Излишне говорить, как я загорелась желанием увидеть своими глазами эту мастерскую! После смерти Любича в ней поселилась его жена Сюзанн, тоже художница, мать Дины. Нам, художникам, недолго искать повод: я позвонила ей с просьбой порисовать у нее с балкона чудесный парижский вид. Она согласилась, но посетовала, что у нее неотложные дела и она закроет меня на ключ в квартире на несколько часов.

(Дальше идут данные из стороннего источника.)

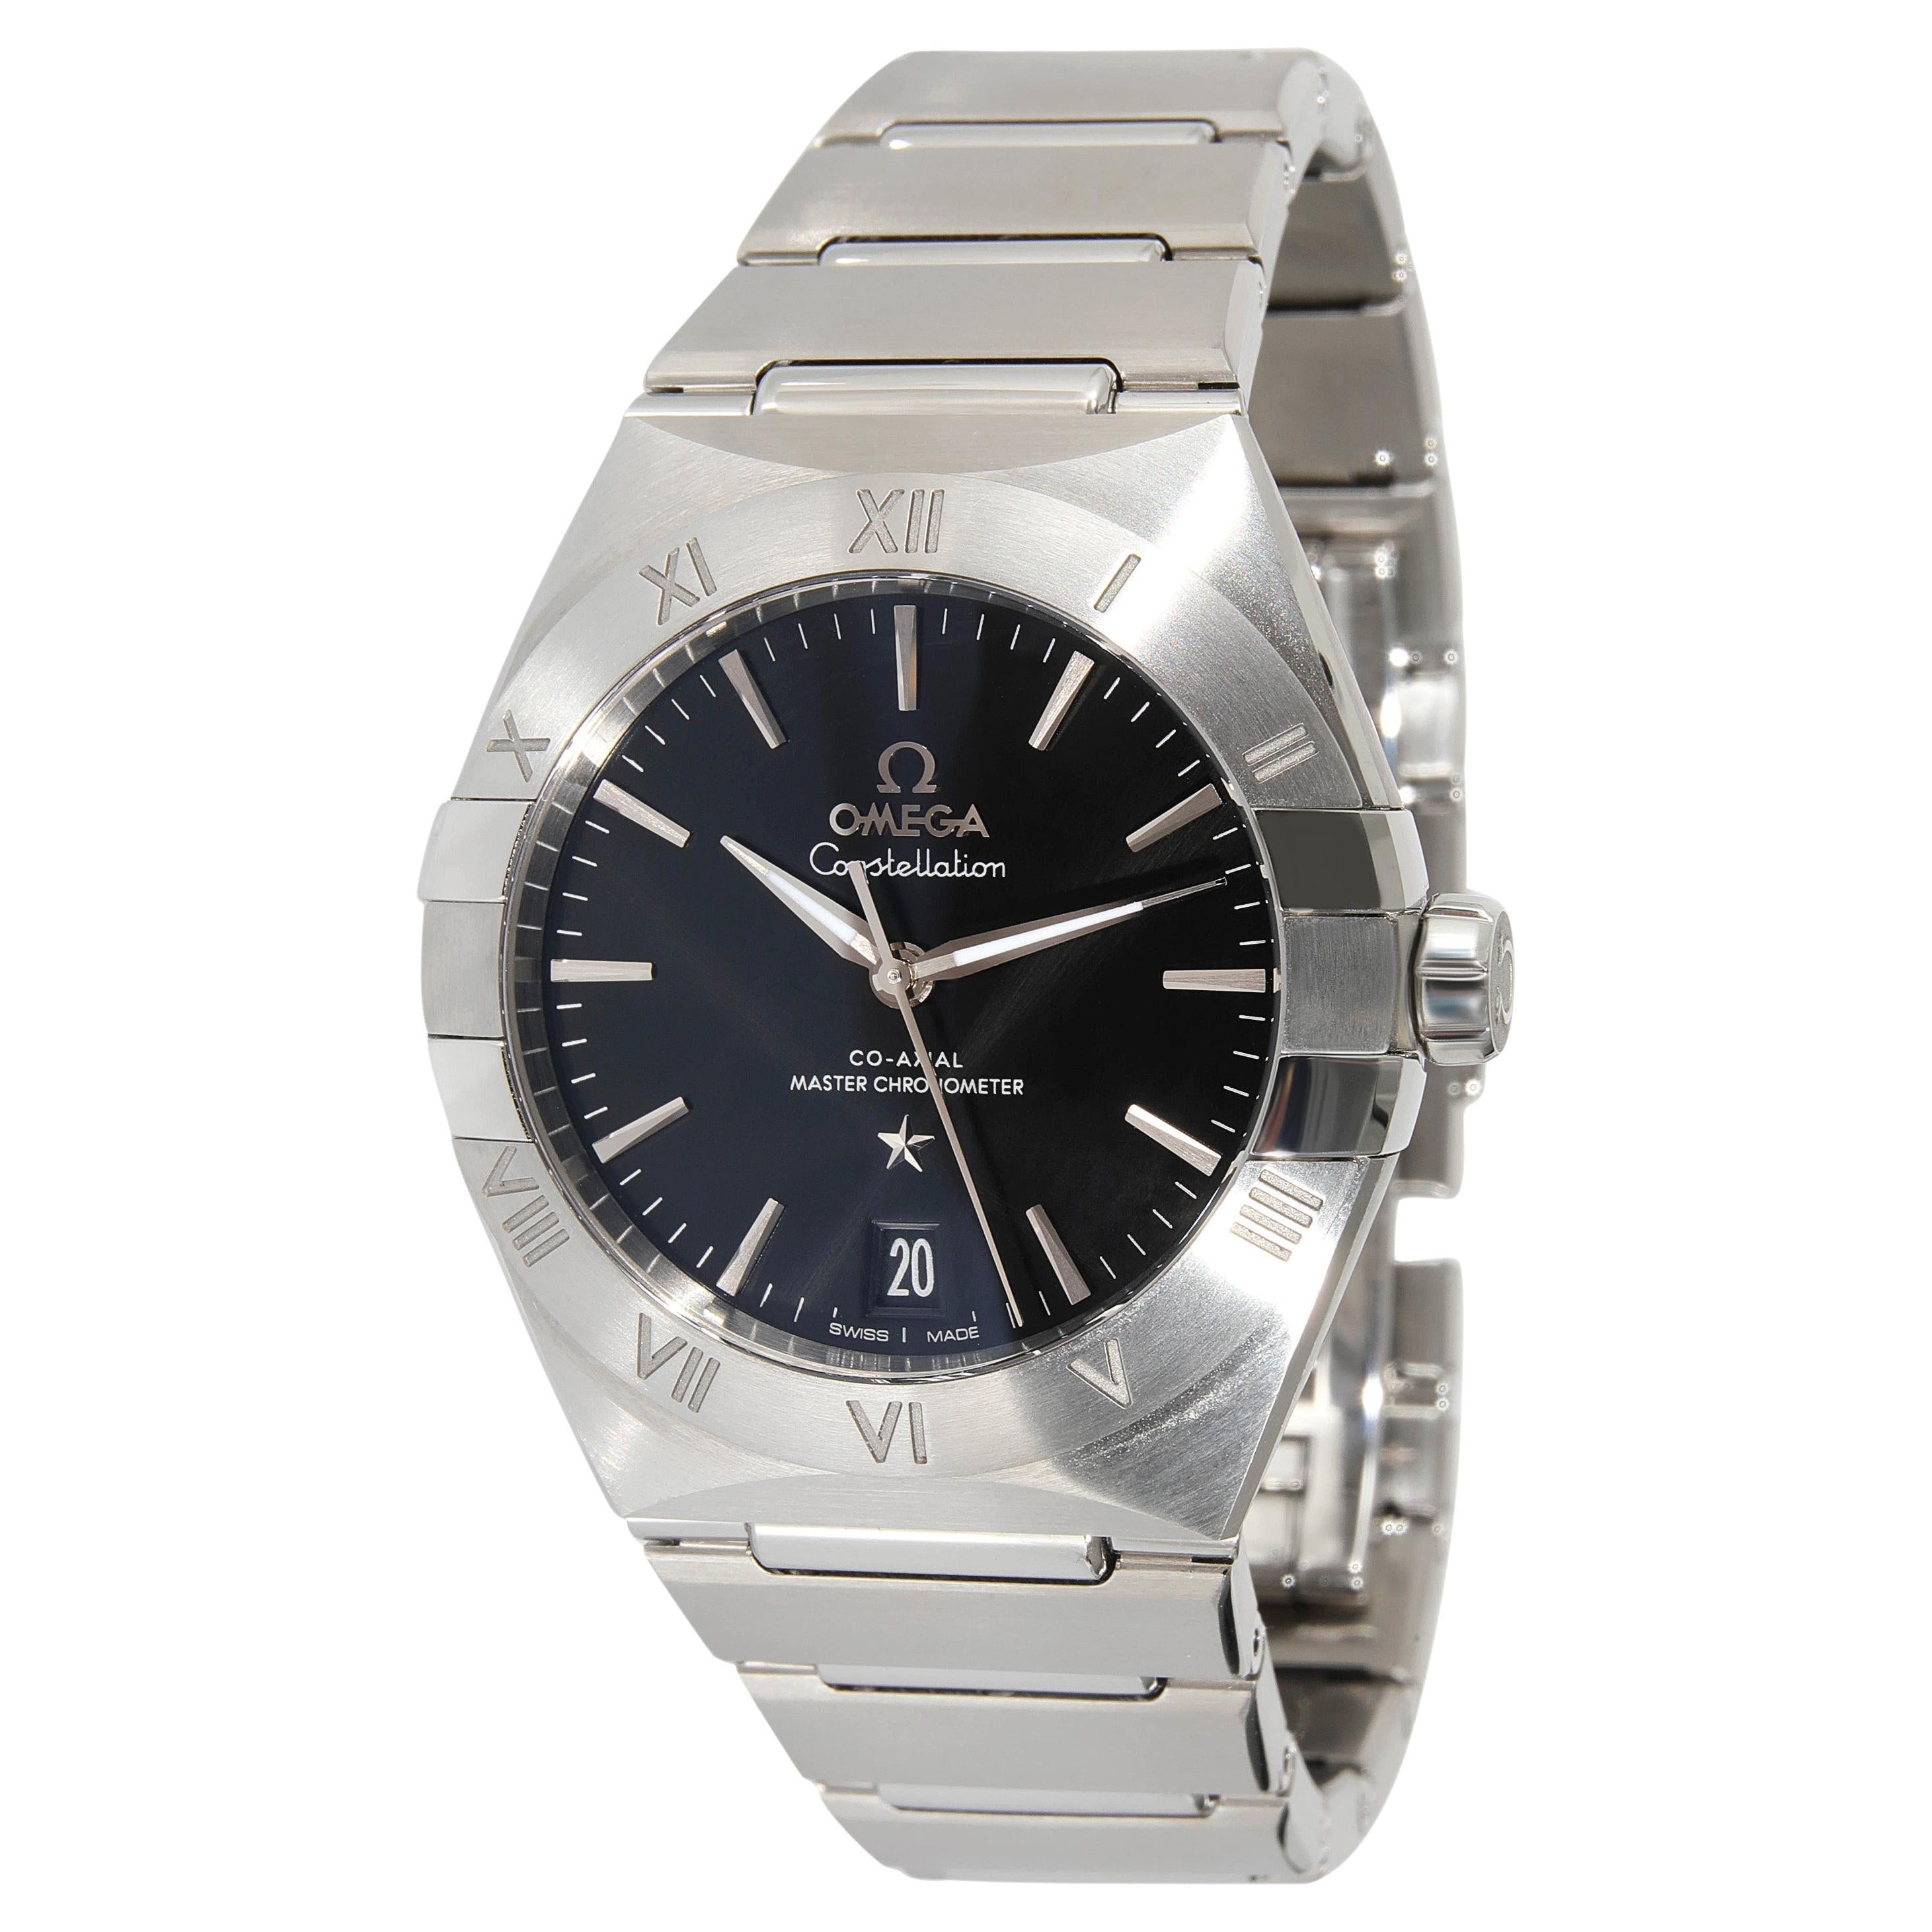 Omega Constellation 131.10.36.20.01.001 Men's Watch in  Stainless Steel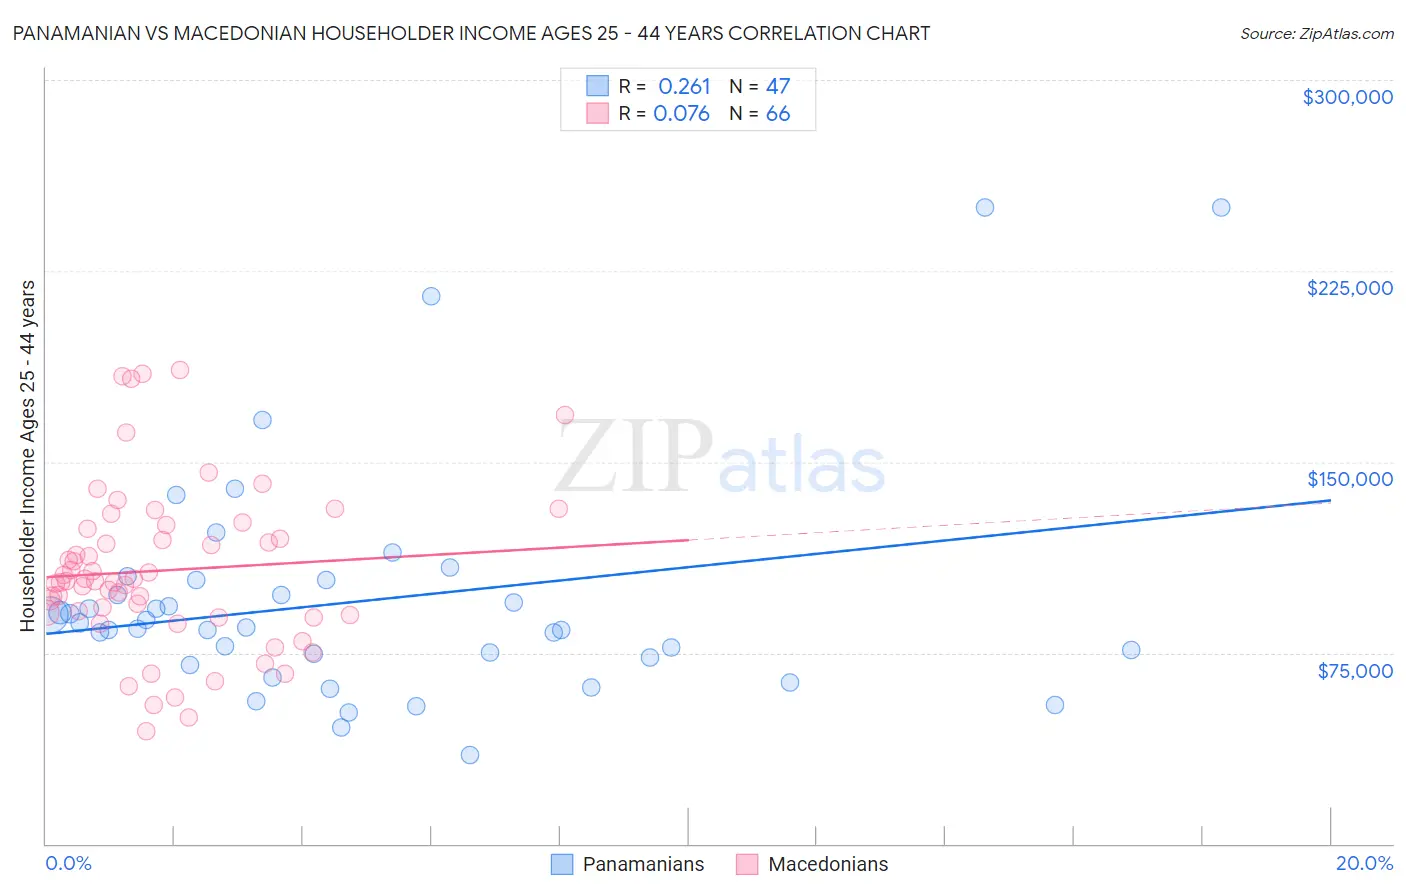 Panamanian vs Macedonian Householder Income Ages 25 - 44 years

И вот я осталась там одна. Был февраль 1995 года. Я ходила потрясенная, дотрагиваясь рукой до дверей, гардин, окон и представляла себе, что это скромное место стало частью истории кино, его реликвией. Я вышла на балкон, на котором «умер» Брандо. Даже сжалась в комочек и легла на холодный пол, чтобы вот так глупо повторить для себя сцену, некогда выбившую из меня слезы. Сквозь балконную ограду я видела бесконечные ряды крыш, которые обвел трагическим последним взглядом Брандо. Я ловила себя на том, что отношусь к фильму так, словно он был не экранным вымыслом, а правдивой историей и одновременно – бессмертным мифом. В линялых тяжелых занавесках, массивных креслах, старых стенах замерли голоса Марлона Брандо, Марии Шнайдер и Бернардо Бертолуччи. Может быть, всему виной излишняя чувствительность и влюбленность в кинематограф?
Наверное. Но когда я спустилась вниз на «том самом» лифте, на первом этаже ко мне подошел 50-летний мужчина в длинном пальто и с всклокоченными светлыми волосами и спросил:
– Мадмуазель, вы не знаете, в этом доме сдают квартиры?